Given data:
=== Section Start ===

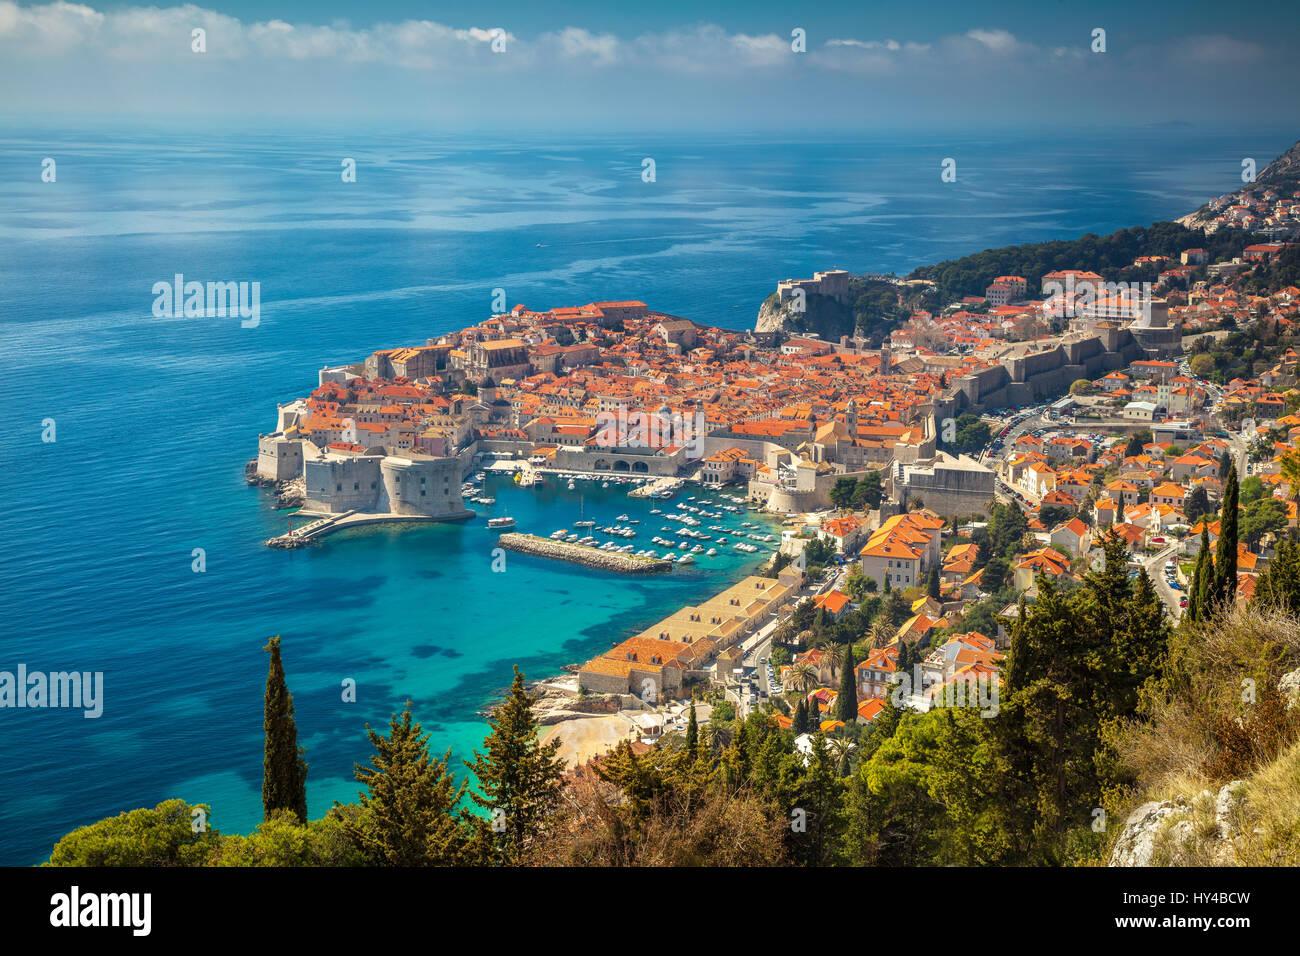 Dubrovnik, Kroatien. Schöne romantische Altstadt von Dubrovnik an sonnigen Tag, Kroatien, Europa. Stockbild
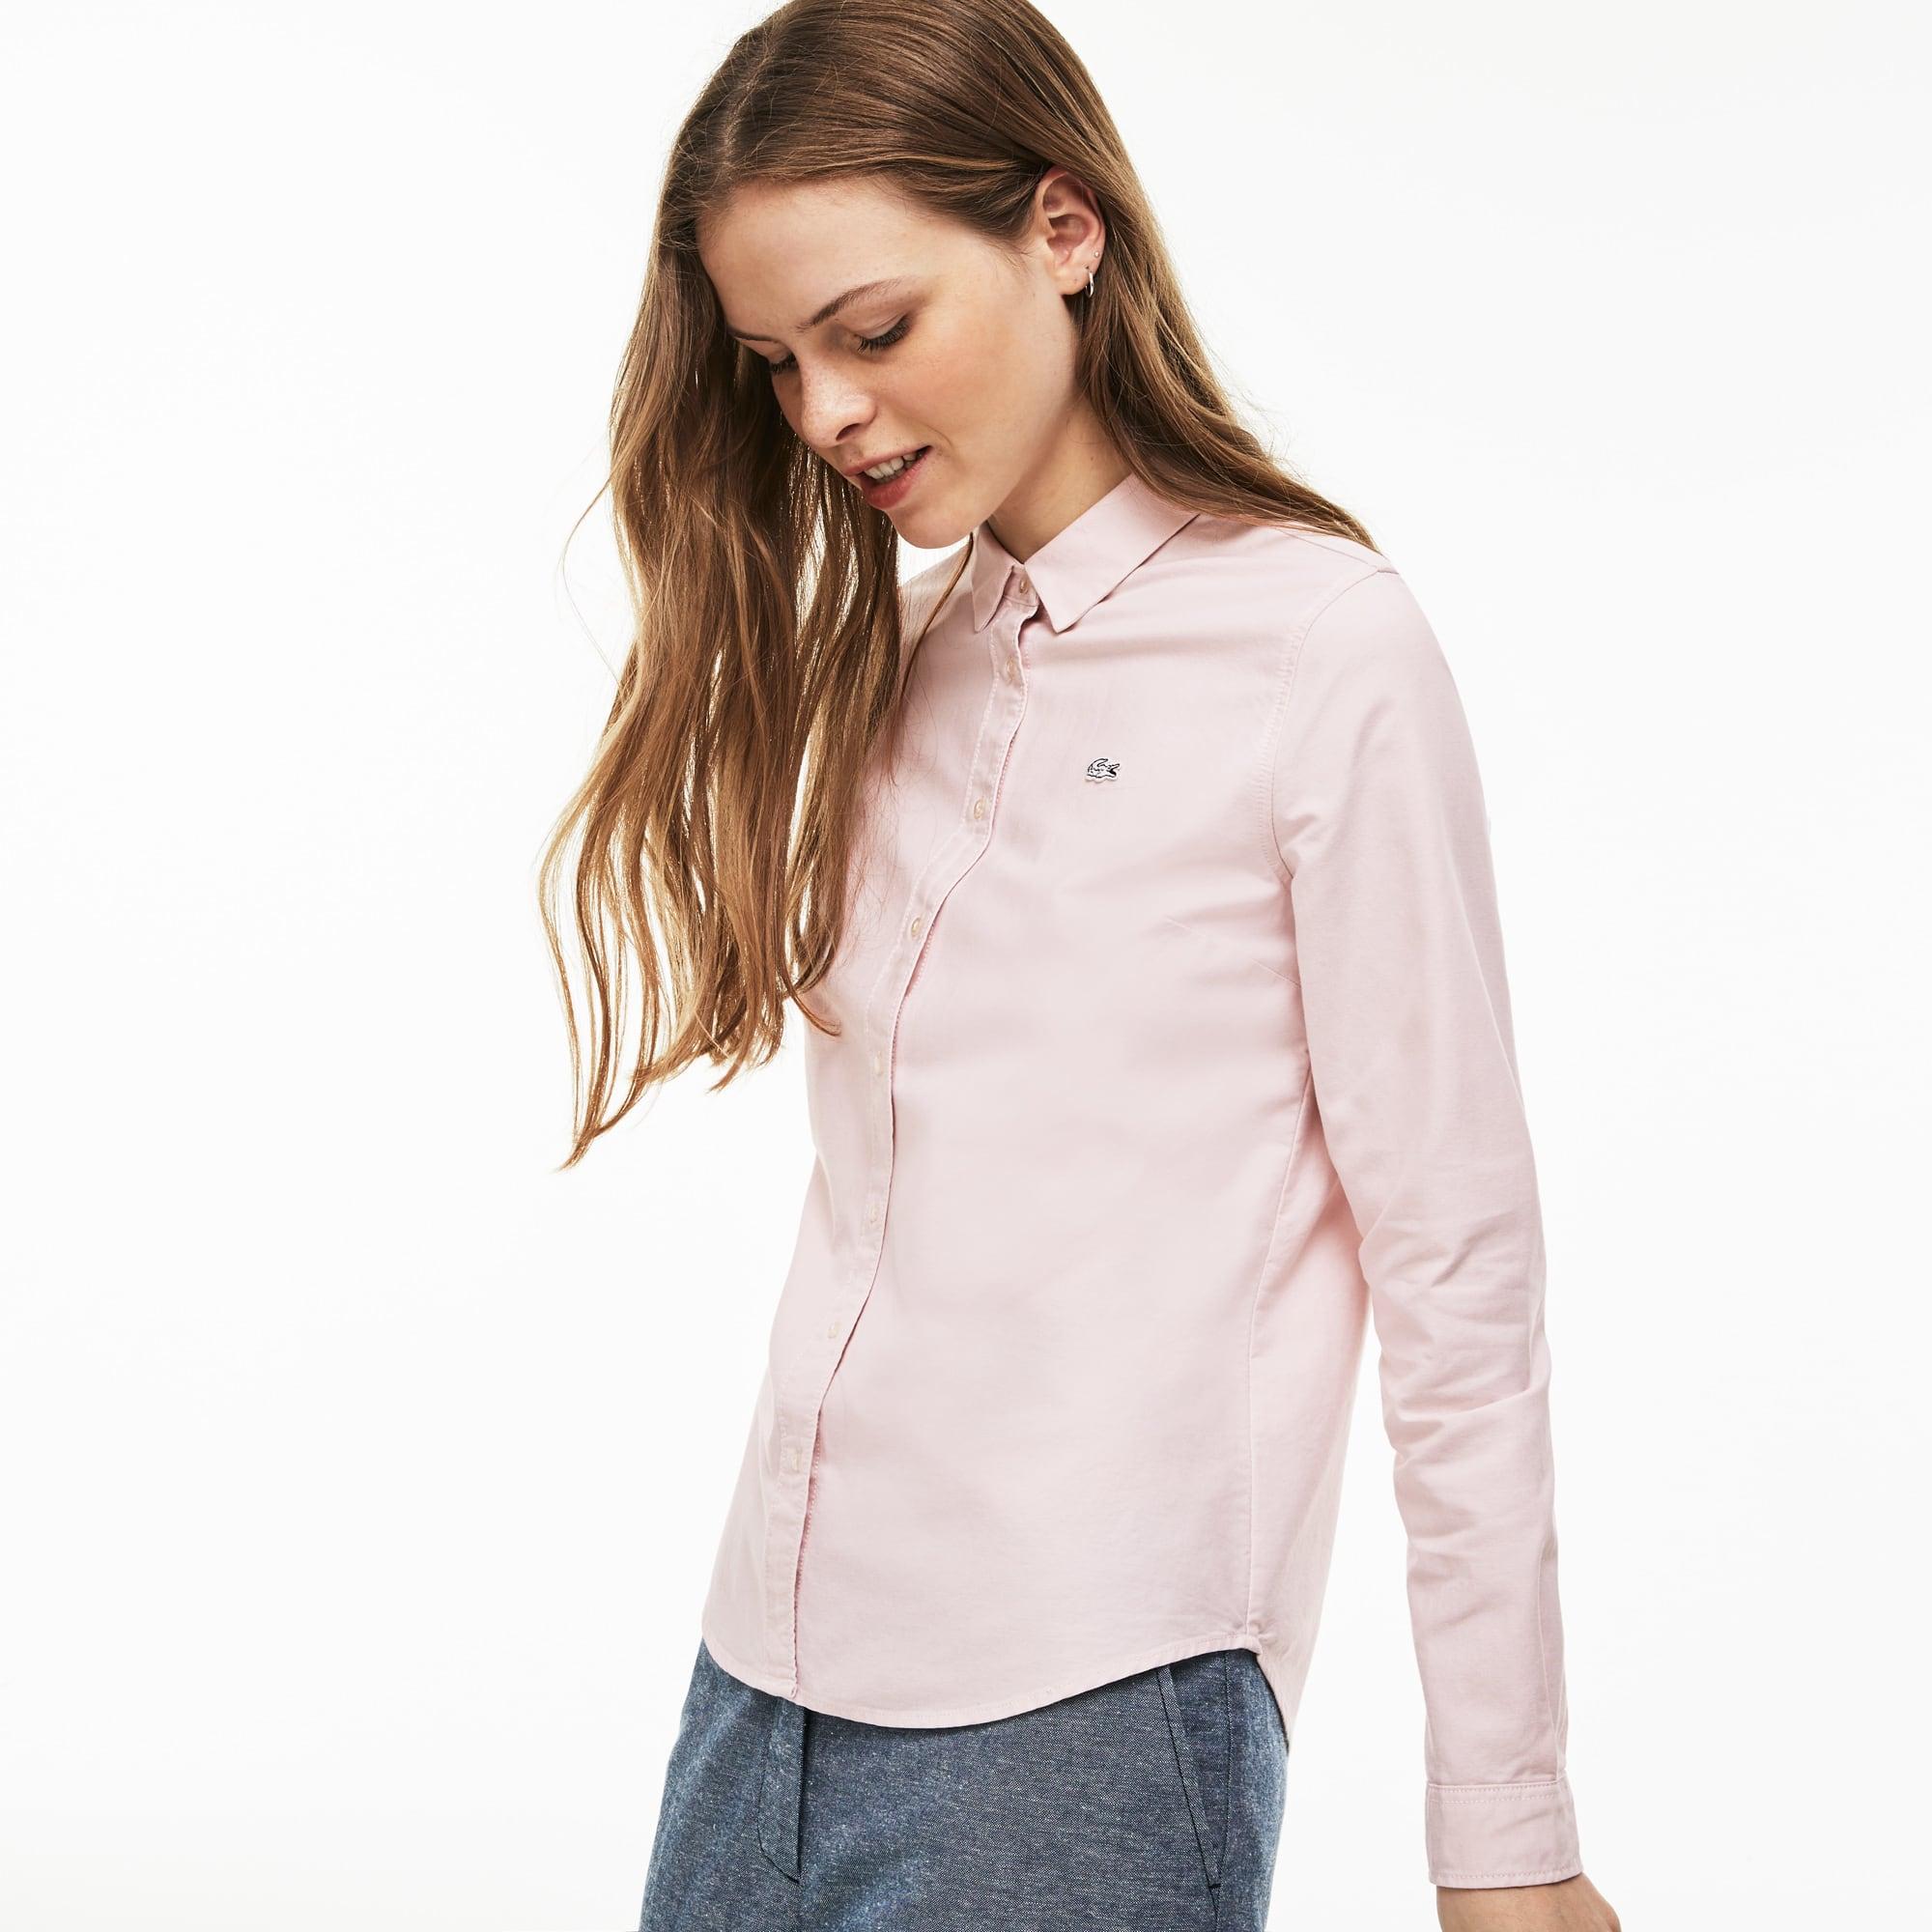 Lacoste LIVE-shirt dames slim fit Oxfordkatoen
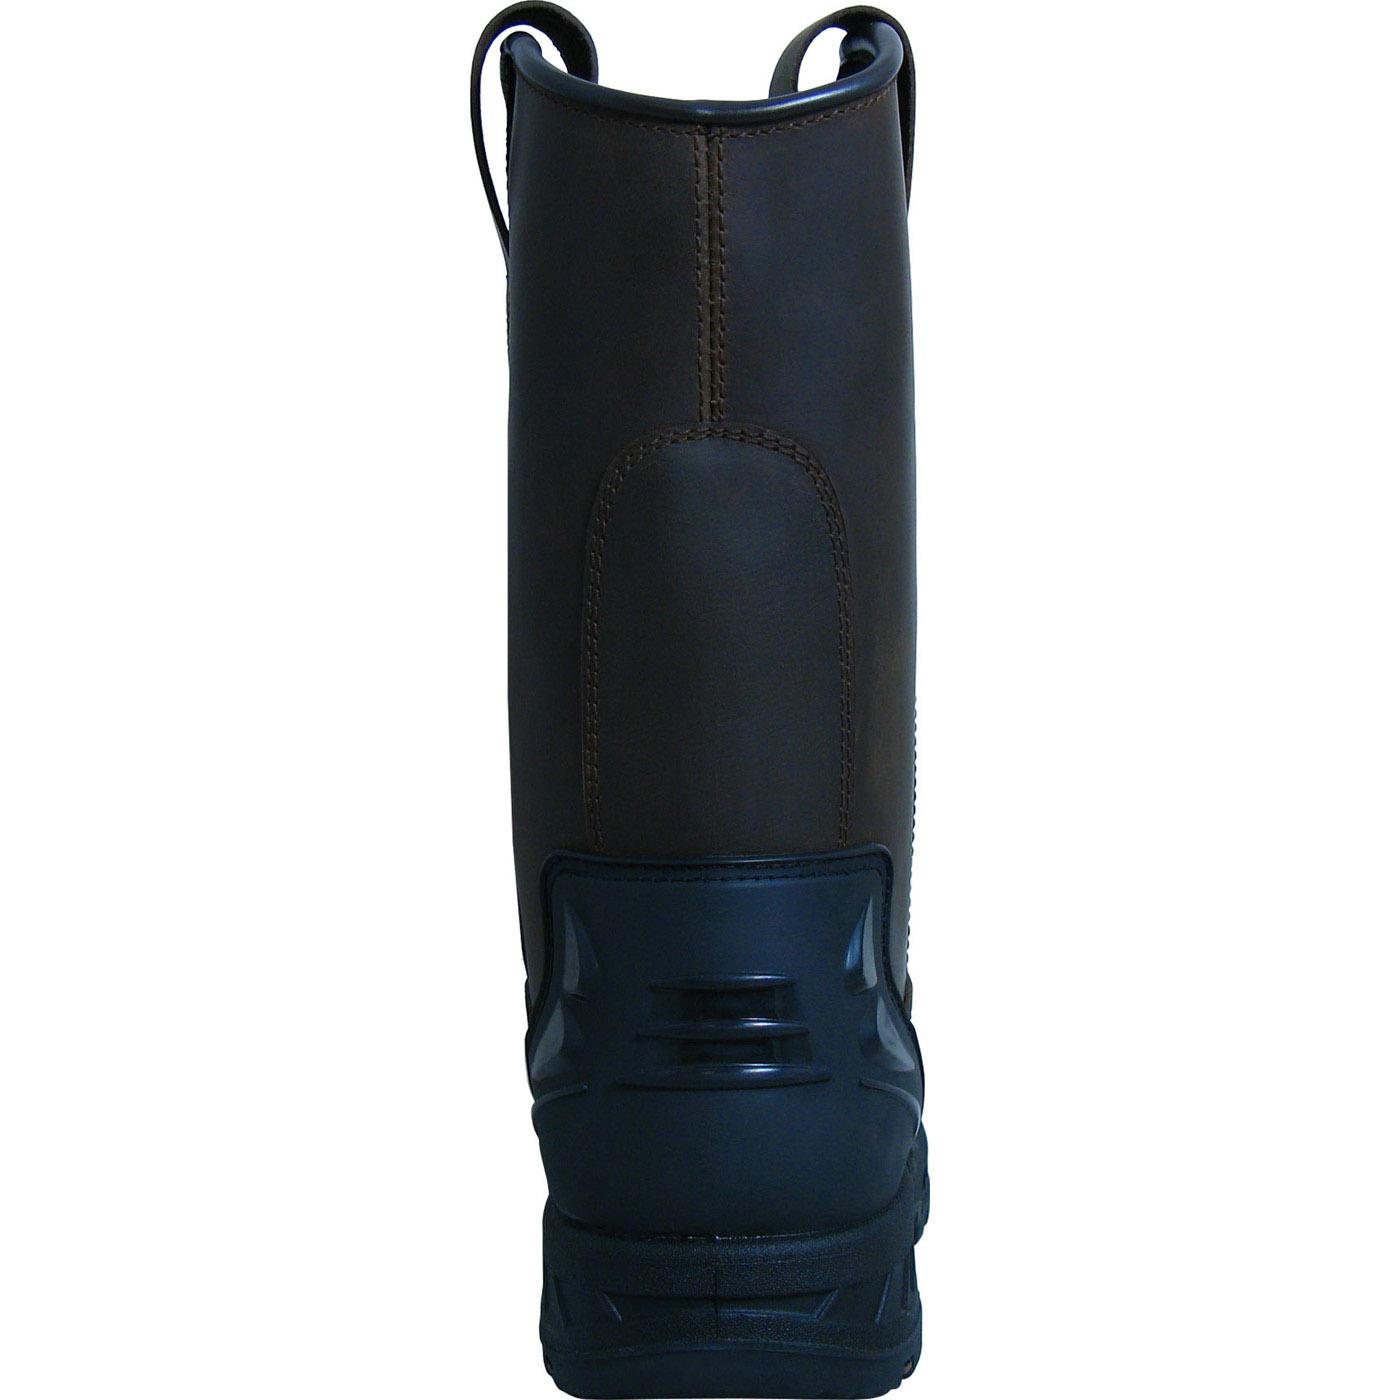 89a69782b00 S Fellas by Genuine Grip Men's 6400 Composite Toe Puncture Resistant  Waterproof Wellington Work Boots

=== Section End ===

Problem to work on: Please copy out the whole listing exactly, minus its pictures.

Exercise answer:
 Dubrovnik, Kroatien. Schöne romantische Altstadt von Dubrovnik an sonnigen Tag, Kroatien, Europa. Stockbild
 Lacoste LIVE-shirt dames slim fit Oxfordkatoen
 89a69782b00 S Fellas by Genuine Grip Men's 6400 Composite Toe Puncture Resistant  Waterproof Wellington Work Boots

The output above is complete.